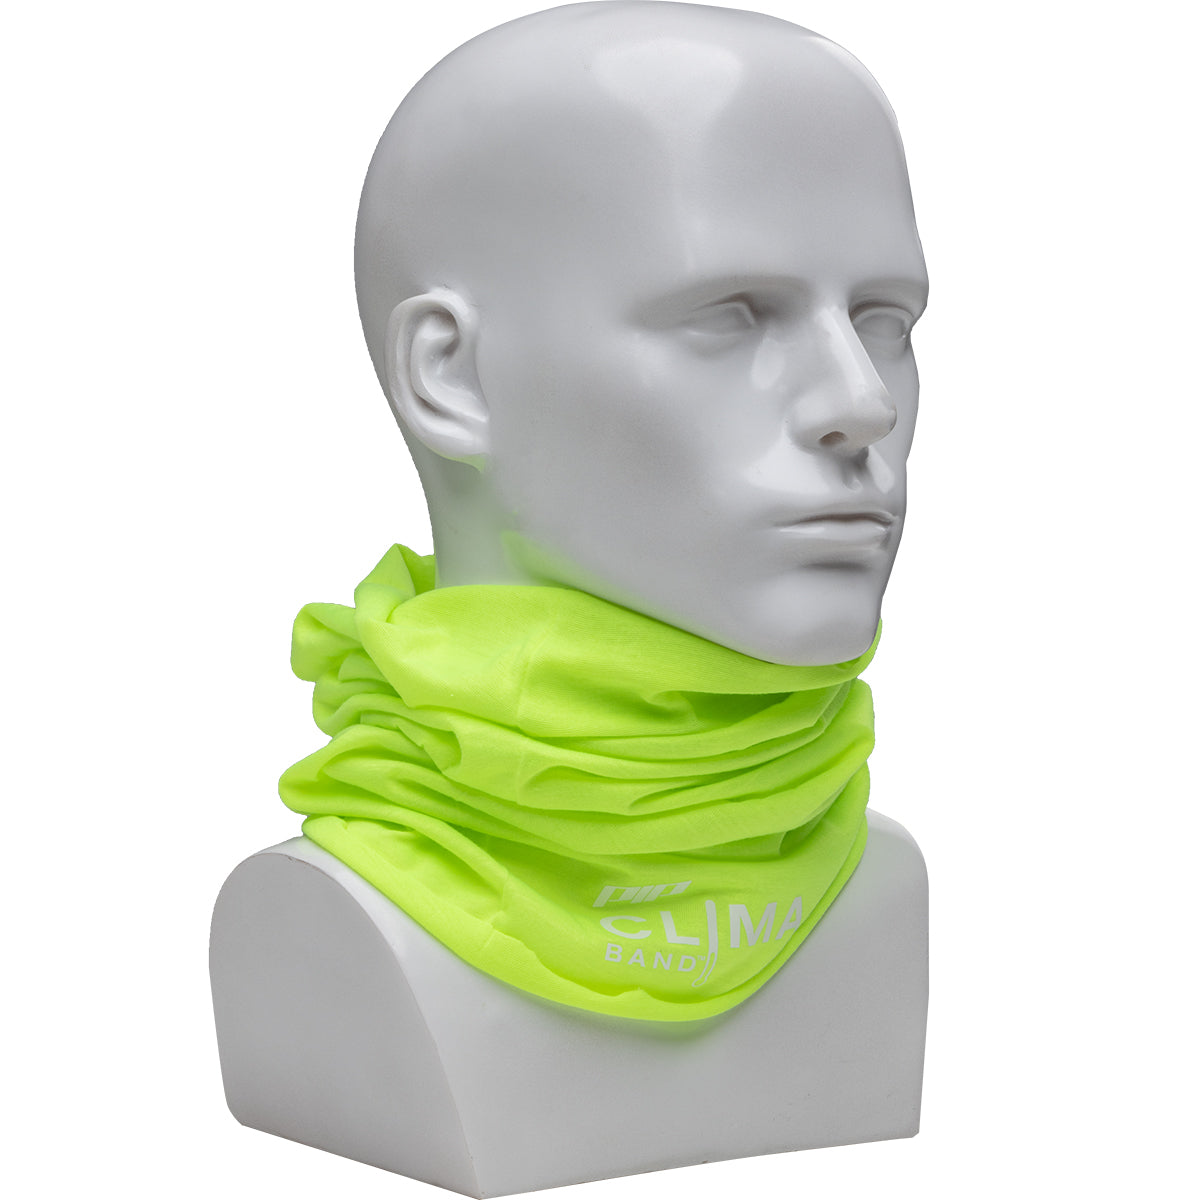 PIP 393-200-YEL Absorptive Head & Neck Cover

* * *

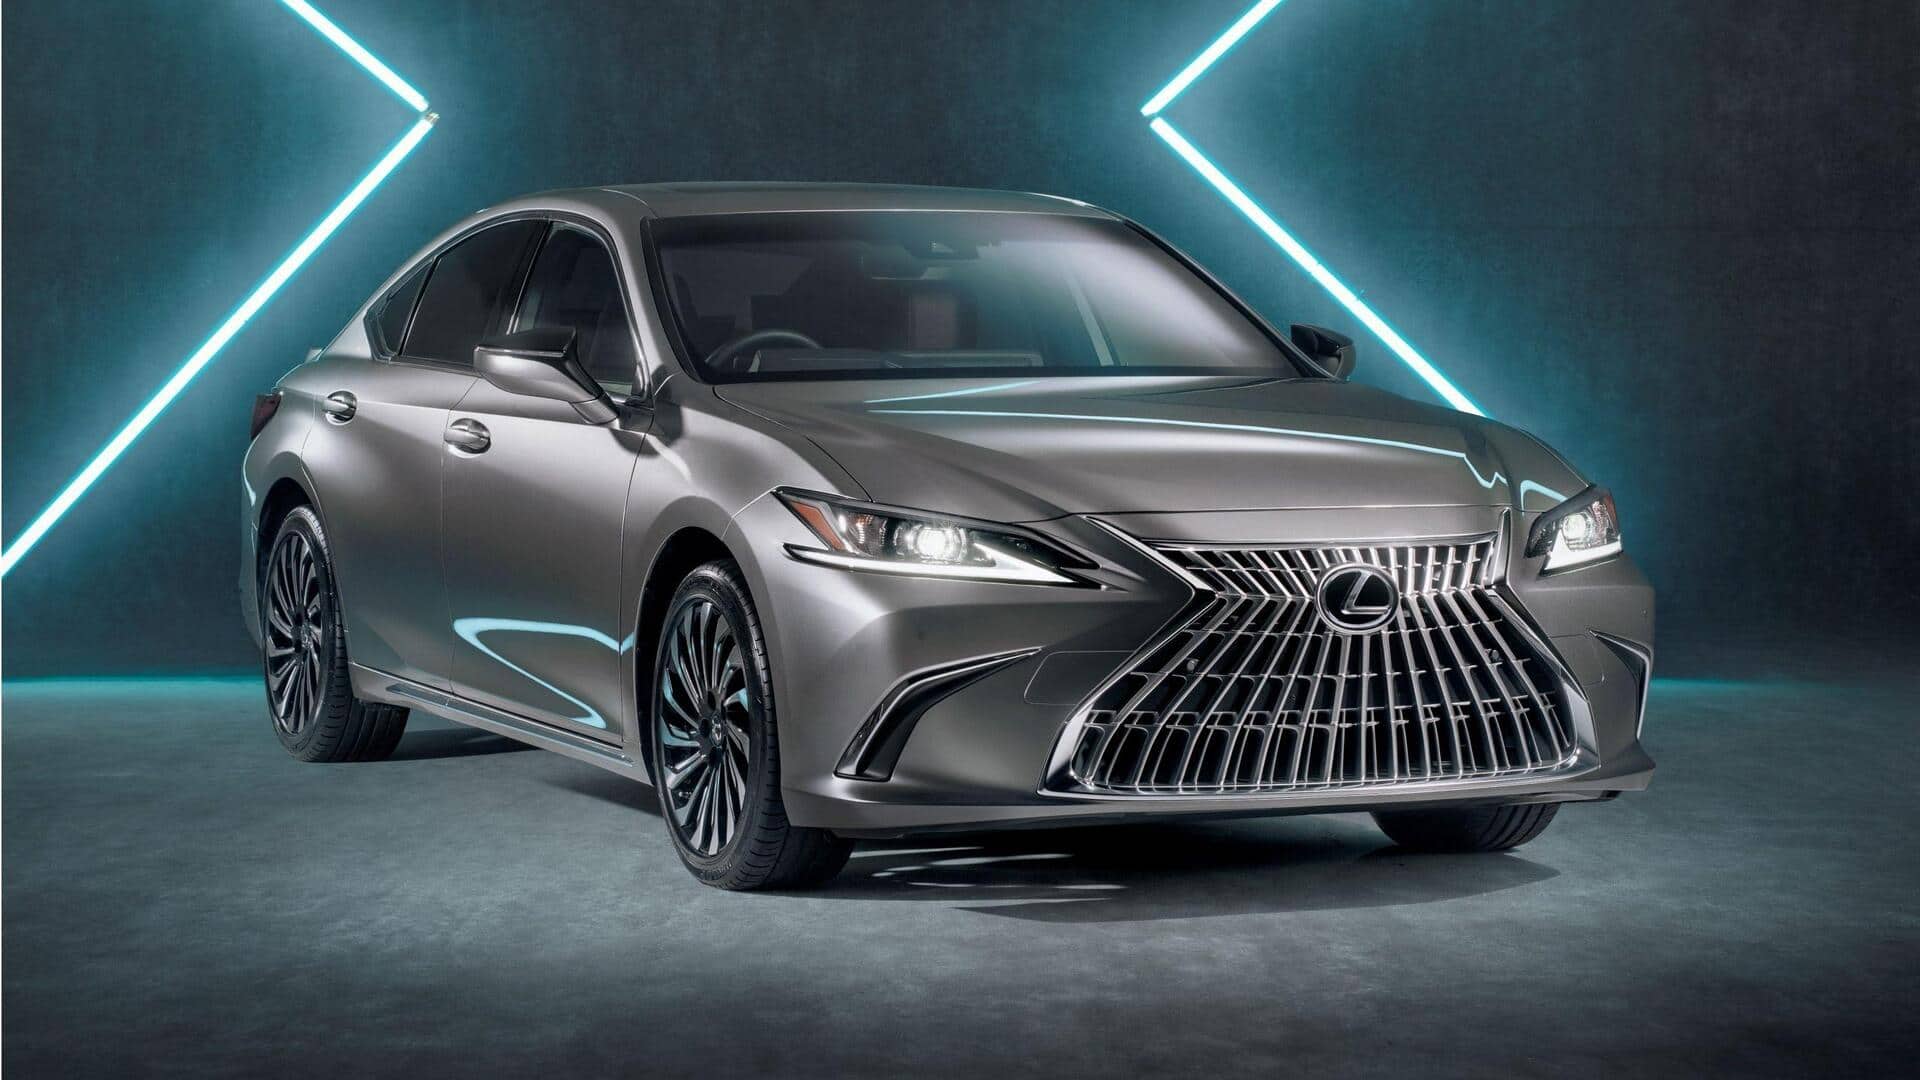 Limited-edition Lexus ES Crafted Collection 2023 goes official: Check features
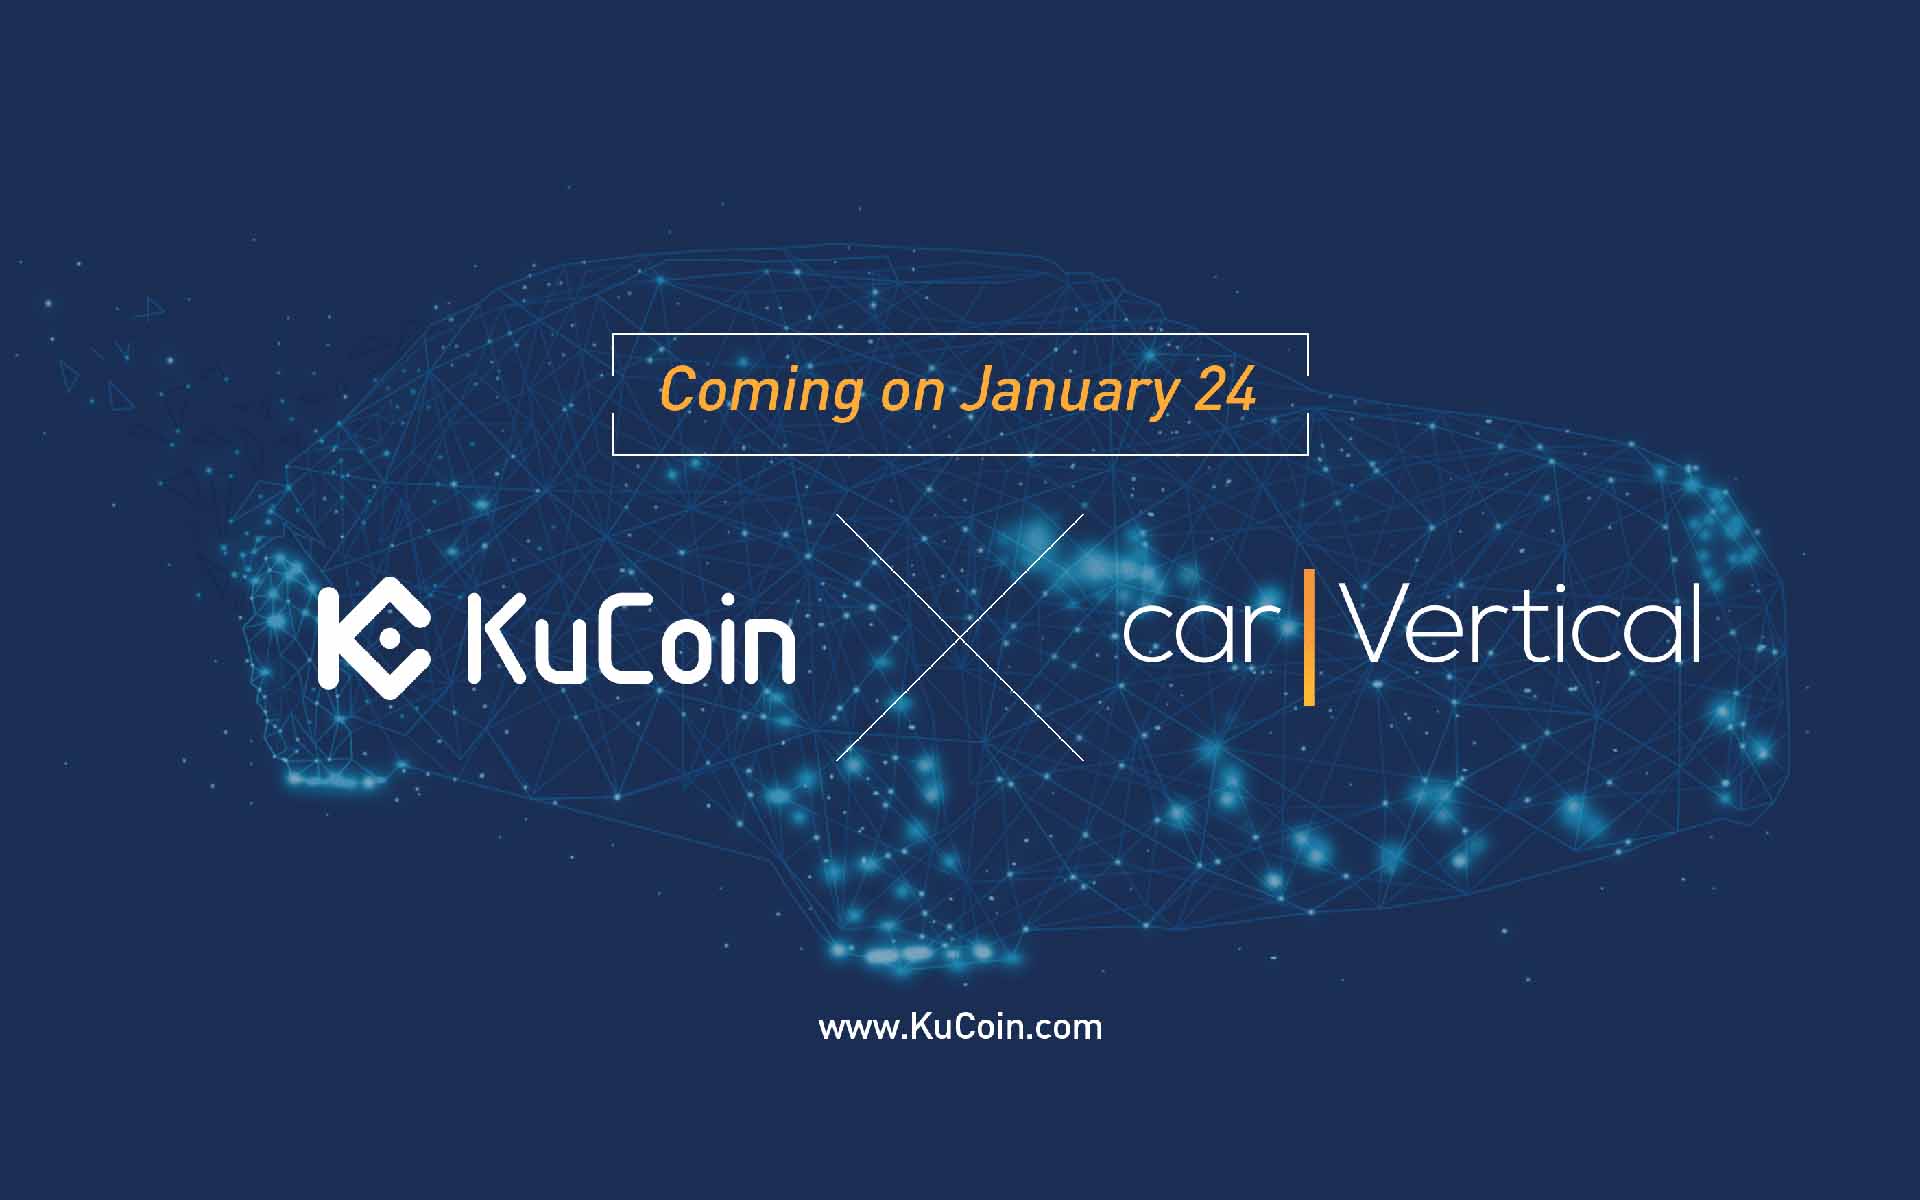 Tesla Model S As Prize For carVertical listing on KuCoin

▸ INSTRUCTIONS FOR THE TASK: Among the lines above, the one with "Limited-edition Lexus ES" opens the part to repeat and the one with "Tesla Model S" closes it; repeat only that part exactly, with no pictures.

▸ SOLUTION:
 Limited-edition Lexus ES Crafted Collection 2023 goes official: Check features
 Tesla Model S As Prize For carVertical listing on KuCoin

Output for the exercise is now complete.